_Exercise description_:
Transcribe the data exactly. Pictures stay out.

_Information supplied_:
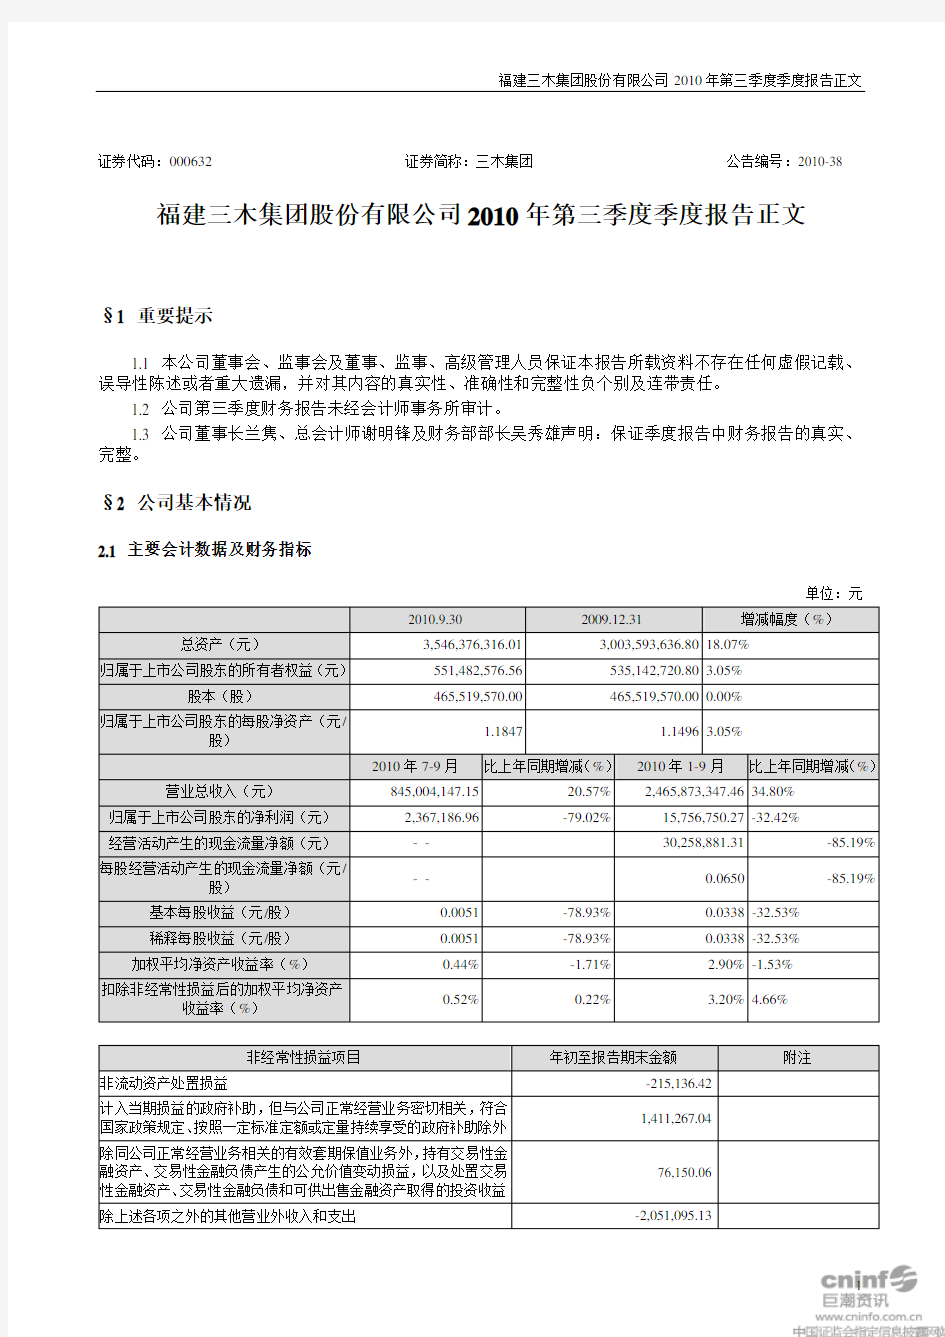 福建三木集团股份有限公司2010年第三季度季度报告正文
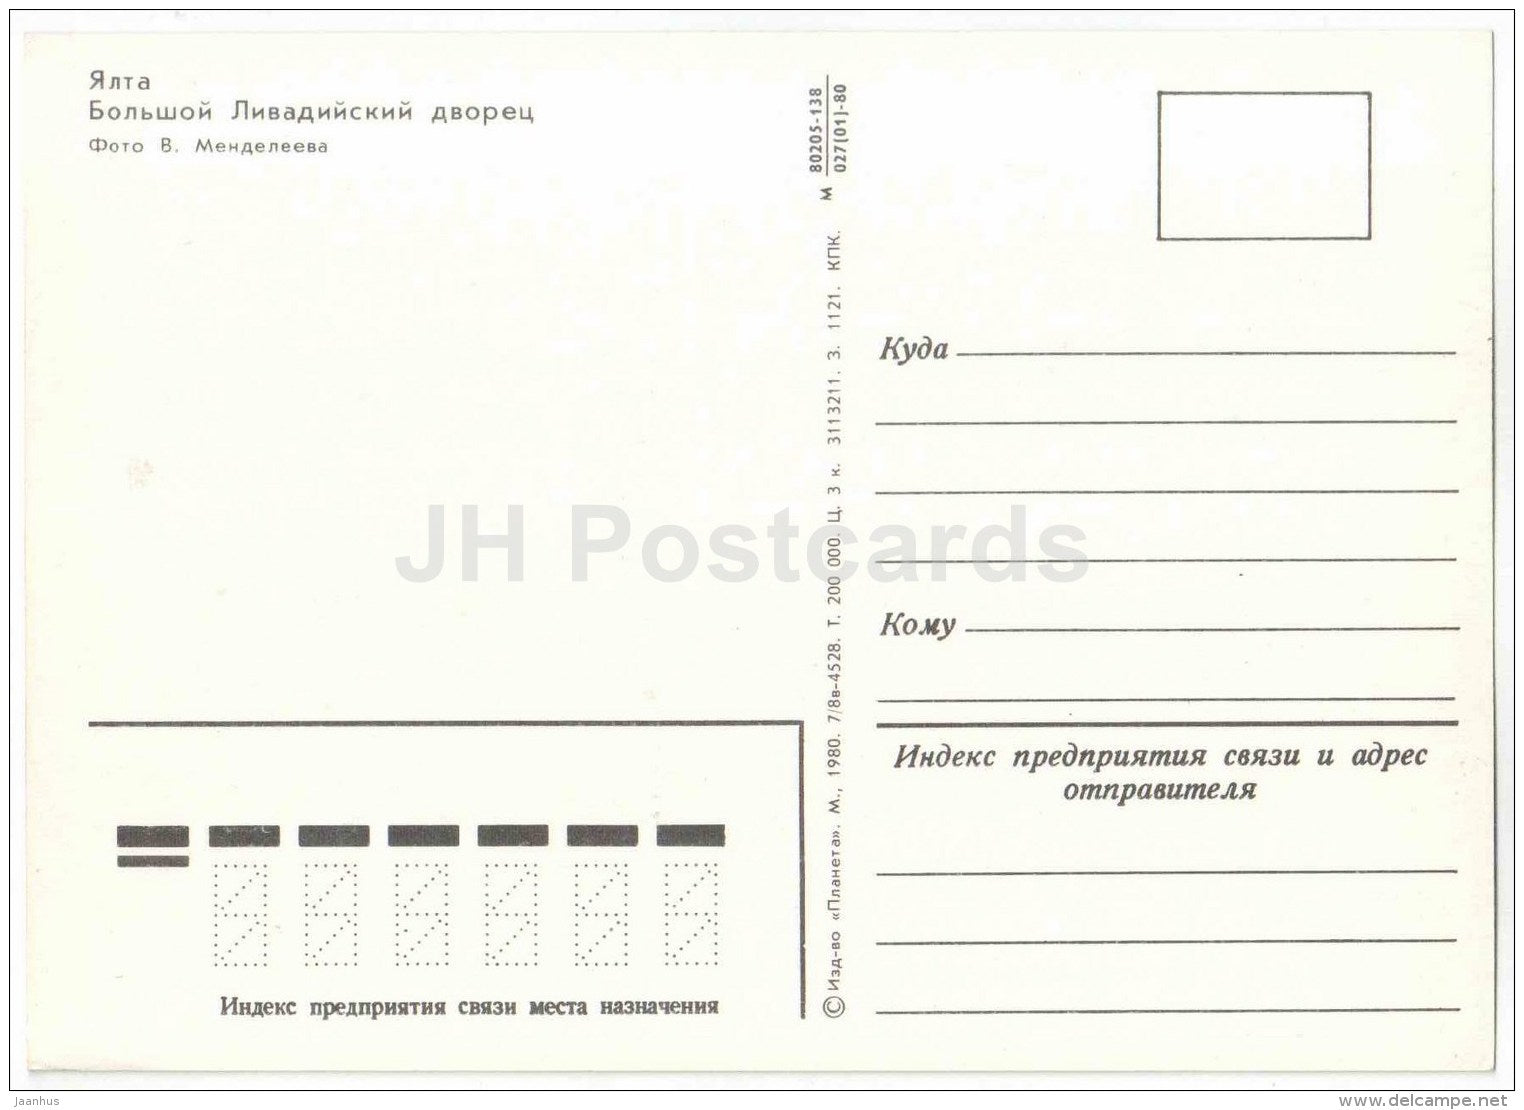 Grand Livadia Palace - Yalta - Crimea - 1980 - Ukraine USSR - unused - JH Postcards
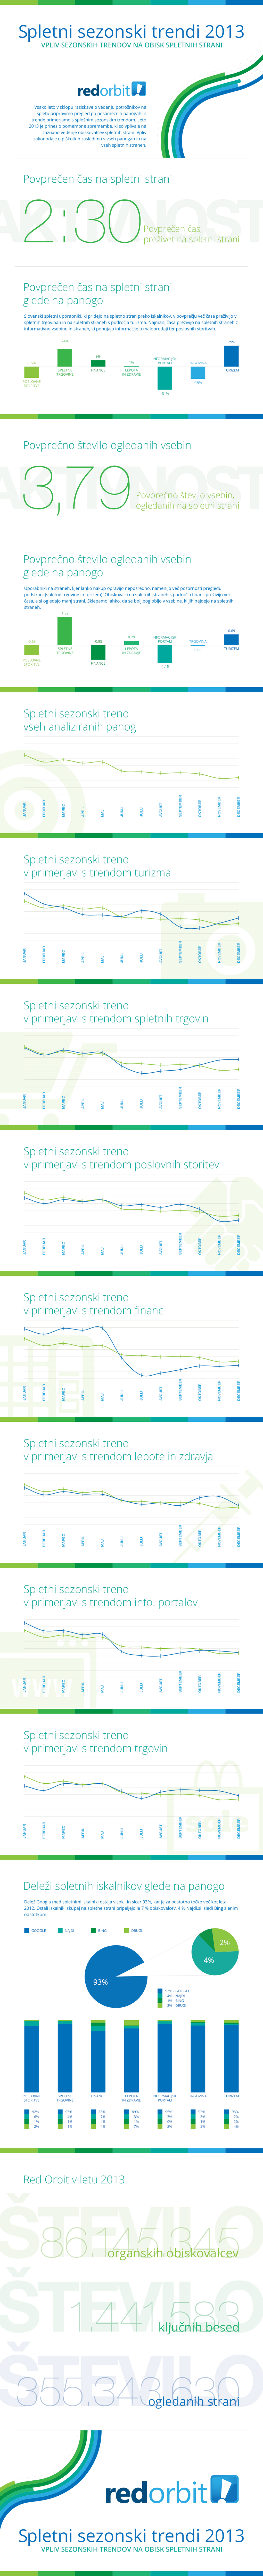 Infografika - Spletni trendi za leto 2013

_Task solution_:
 福建三木集团股份有限公司2010年第三季度季度报告正文
 Grand Livadia Palace - Yalta - Crimea - 1980 - Ukraine USSR - unused - JH Postcards
 Infografika - Spletni trendi za leto 2013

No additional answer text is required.